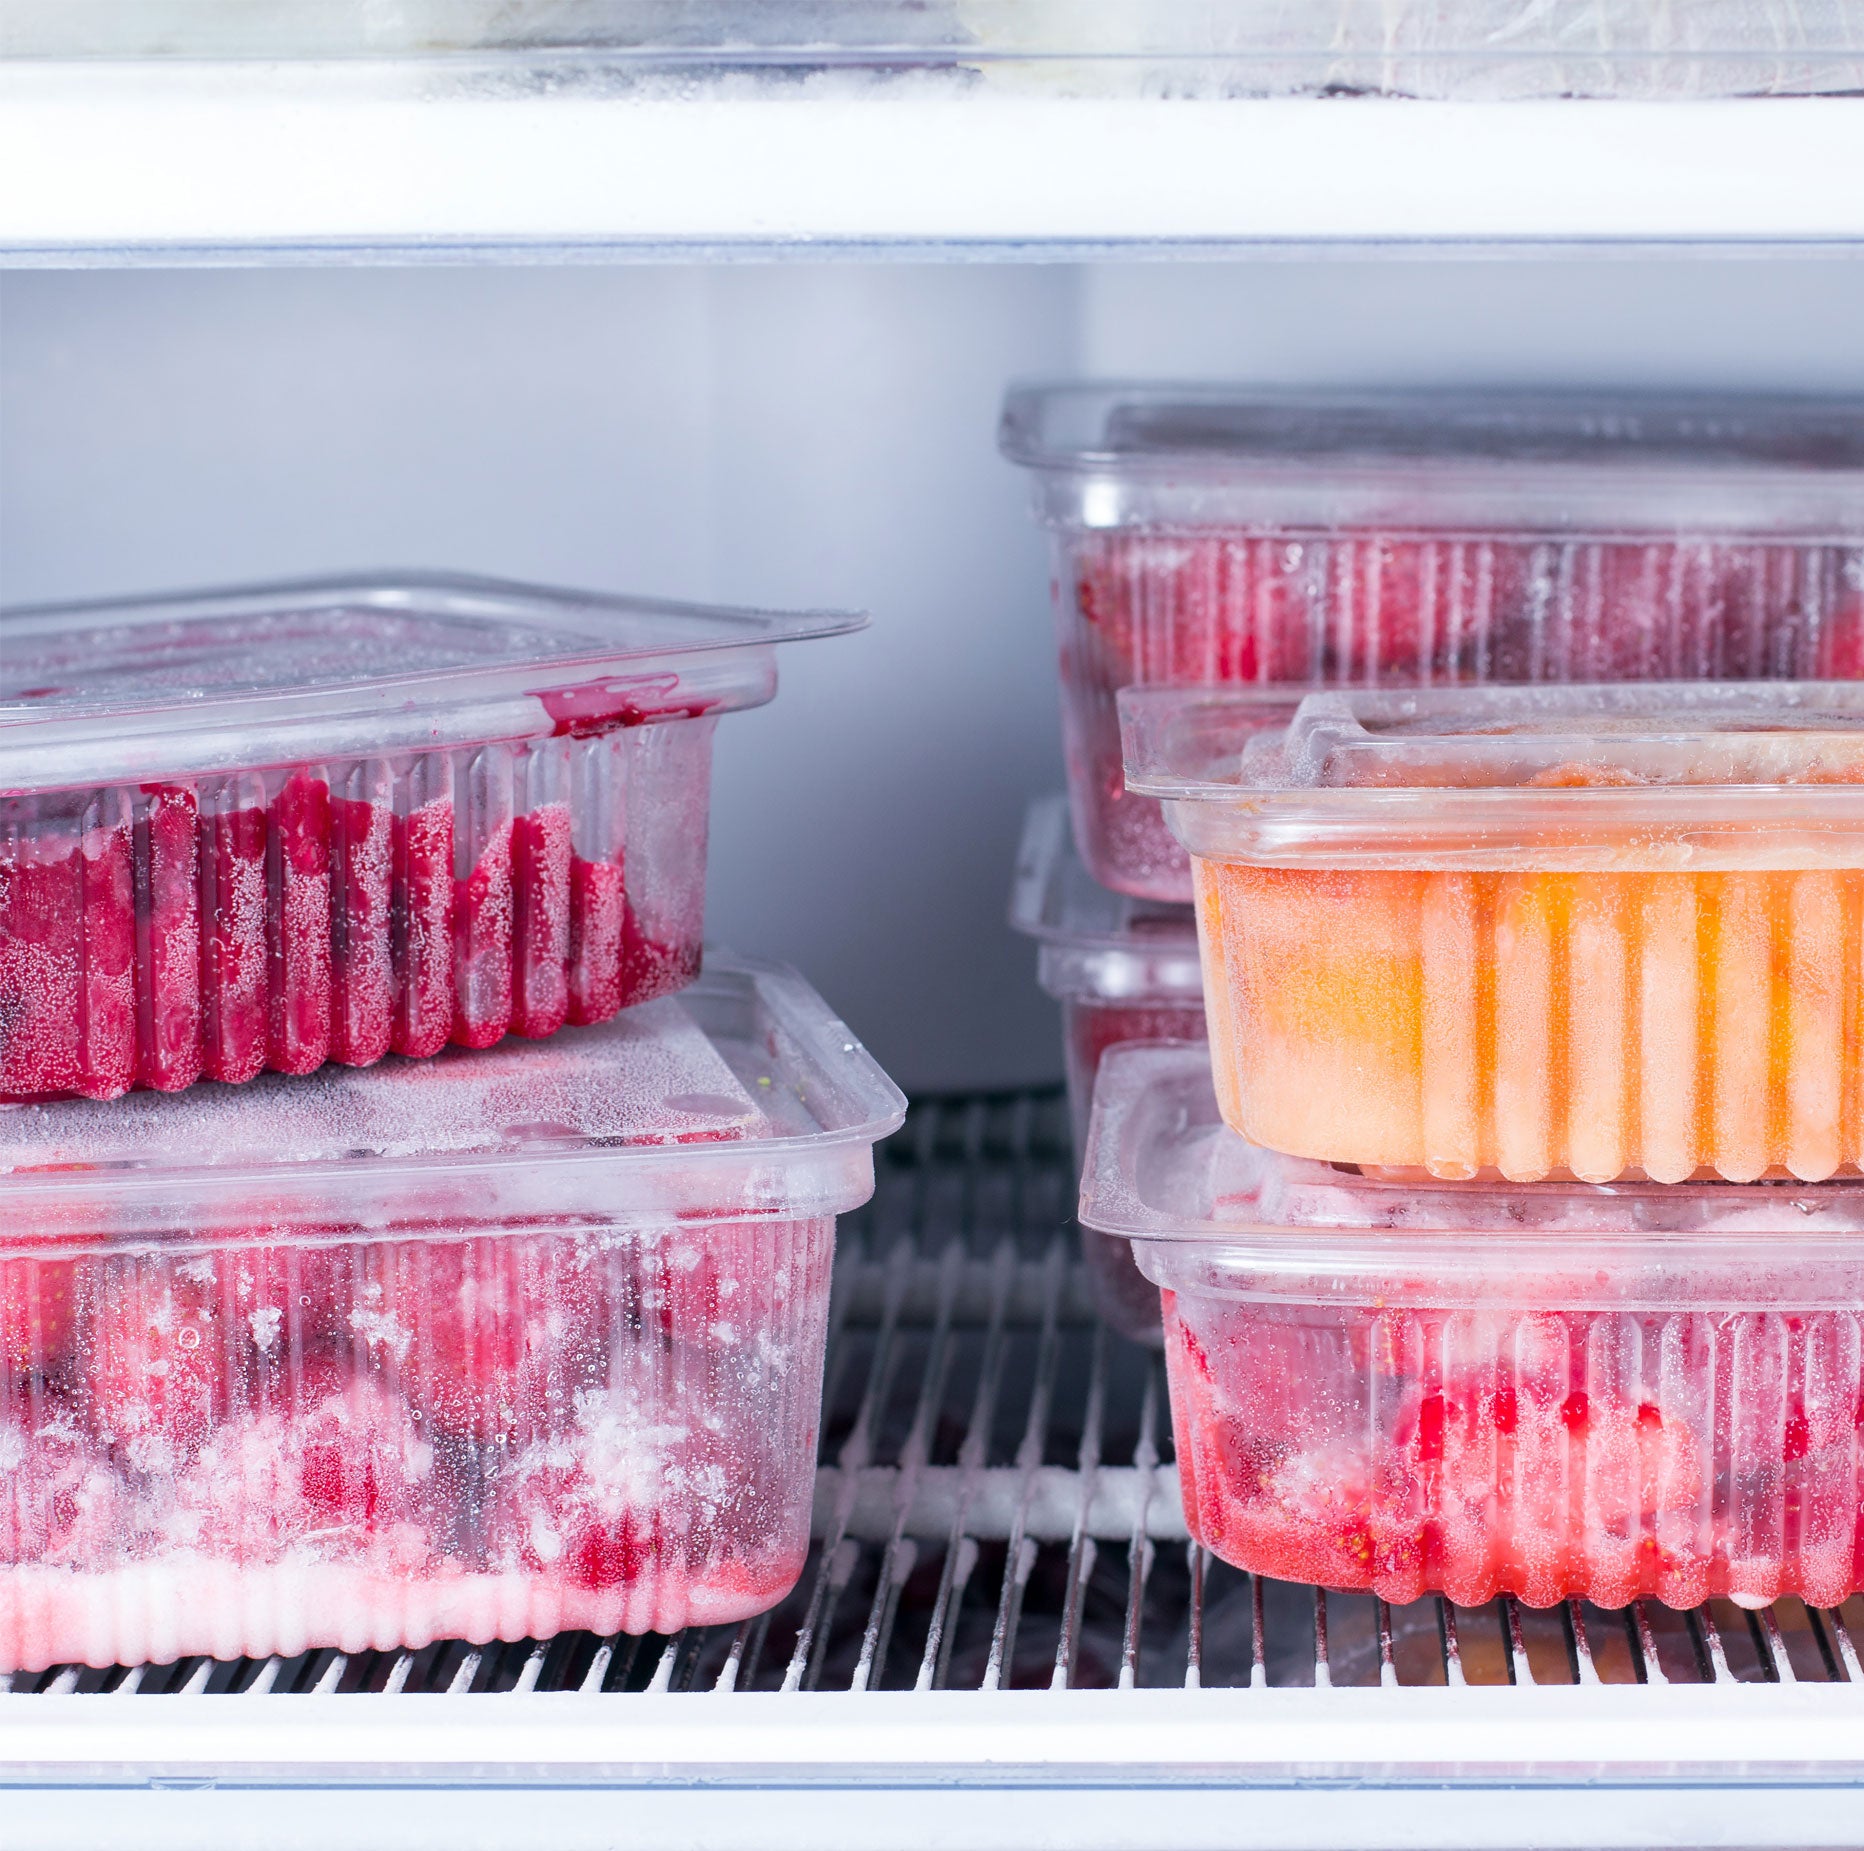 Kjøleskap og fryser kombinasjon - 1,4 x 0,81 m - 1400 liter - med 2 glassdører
------
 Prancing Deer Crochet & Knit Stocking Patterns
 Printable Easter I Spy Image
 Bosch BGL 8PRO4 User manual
------
◆ Activity
Look above for the line with "Prancing Deer Crochet"; retype exactly that line, every line after it up to the line with "Bosch BGL 8PRO4 User manual", and that line too, nothing else.

◆ Answer space
 Prancing Deer Crochet & Knit Stocking Patterns
 Printable Easter I Spy Image
 Bosch BGL 8PRO4 User manual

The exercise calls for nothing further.